GetSwift directors Joel MacDonald and Bane Hunter.Credit:Tom Pietrasik

Getswift said the agreement gives it the right, but not the obligation, to draw down the funding and issue shares to LDA Capital at a price based on the stock's valuation around the time the put option is exercised.

Getswift will pay a commitment fee of $US900,000 and "pay financing fees customary for facilities of this nature in respect to the amounts drawn down under the agreement."

Getswift did not respond to requests for further clarification.

Substantial shareholder Charles Frischer welcomed the news, saying the $US900,000 cost compares favourably to the 5 to 7 per cent underwriting fee associated with a typical capital raising.

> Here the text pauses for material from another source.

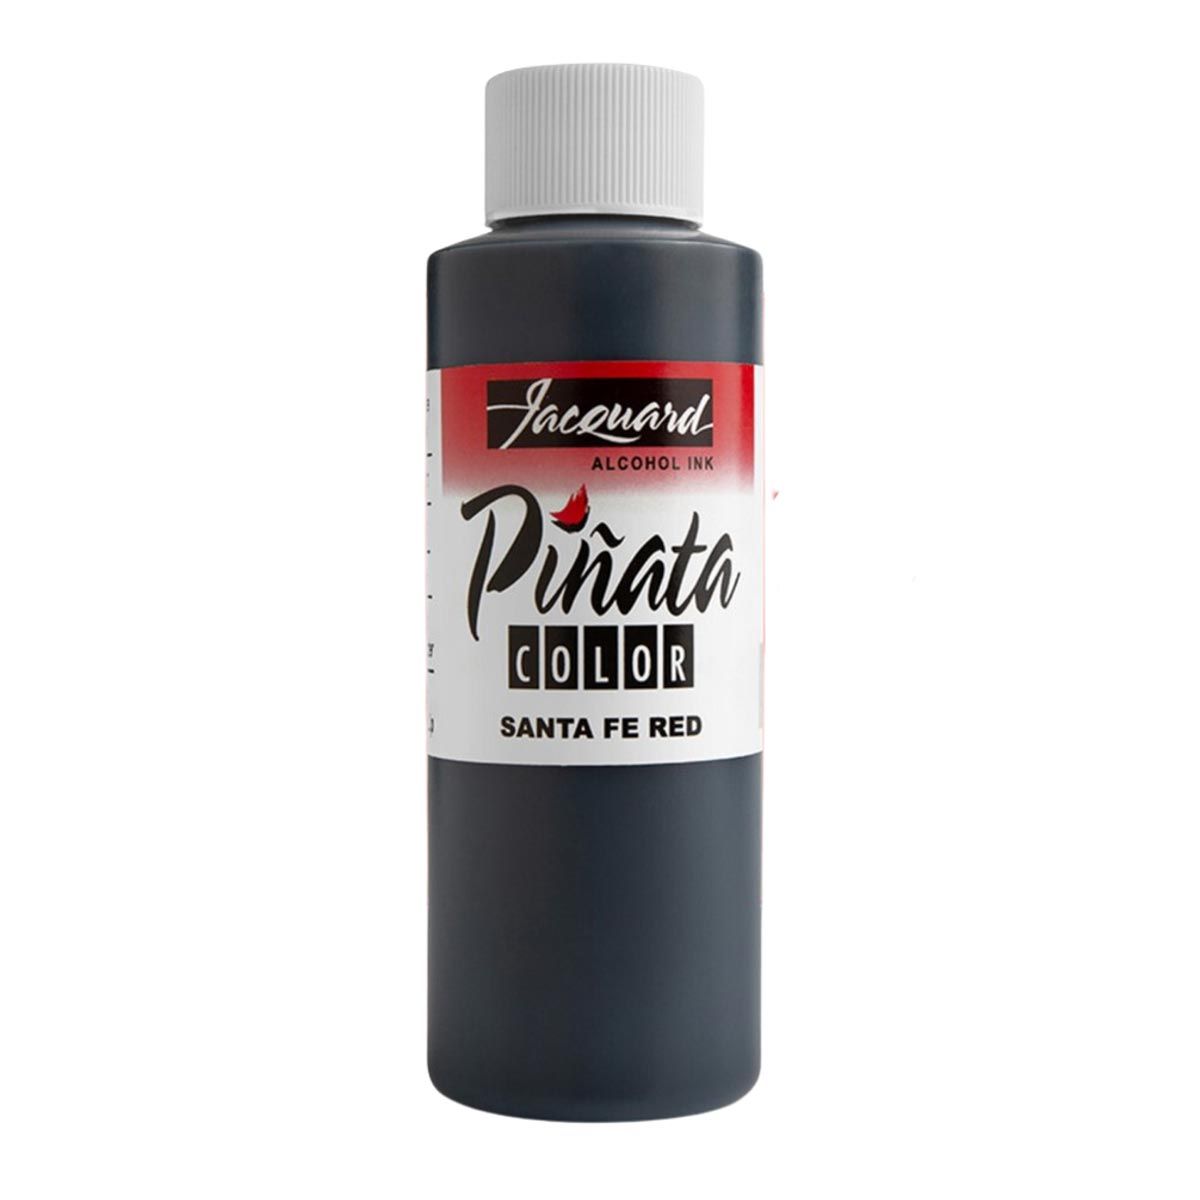 Piñata Color Alcohol Ink - Santa Fe Red 4-ounce

"The company has 36 months to take down the money and has the option to only do it at prices that make sense. So maybe if the shares move up to $1.00 per share, the company might be more willing to sell the shares," he said.

At this price, LDA Capital would end up with a 20 per cent stake, he said.

Getswift makes money by working out the best delivery route for clients, such as Red Rooster, to their customers, the so-called last mile of delivery. But it has failed to deliver meaningful sales.

The company's share price crashed in February 2018 after the company revealed that fewer than half the contracts it had been publicising were actually generating any revenue.

The company is defending itself and executives Joel Macdonald and Bane Hunter against a class action law suit and legal action by the corporate regulator.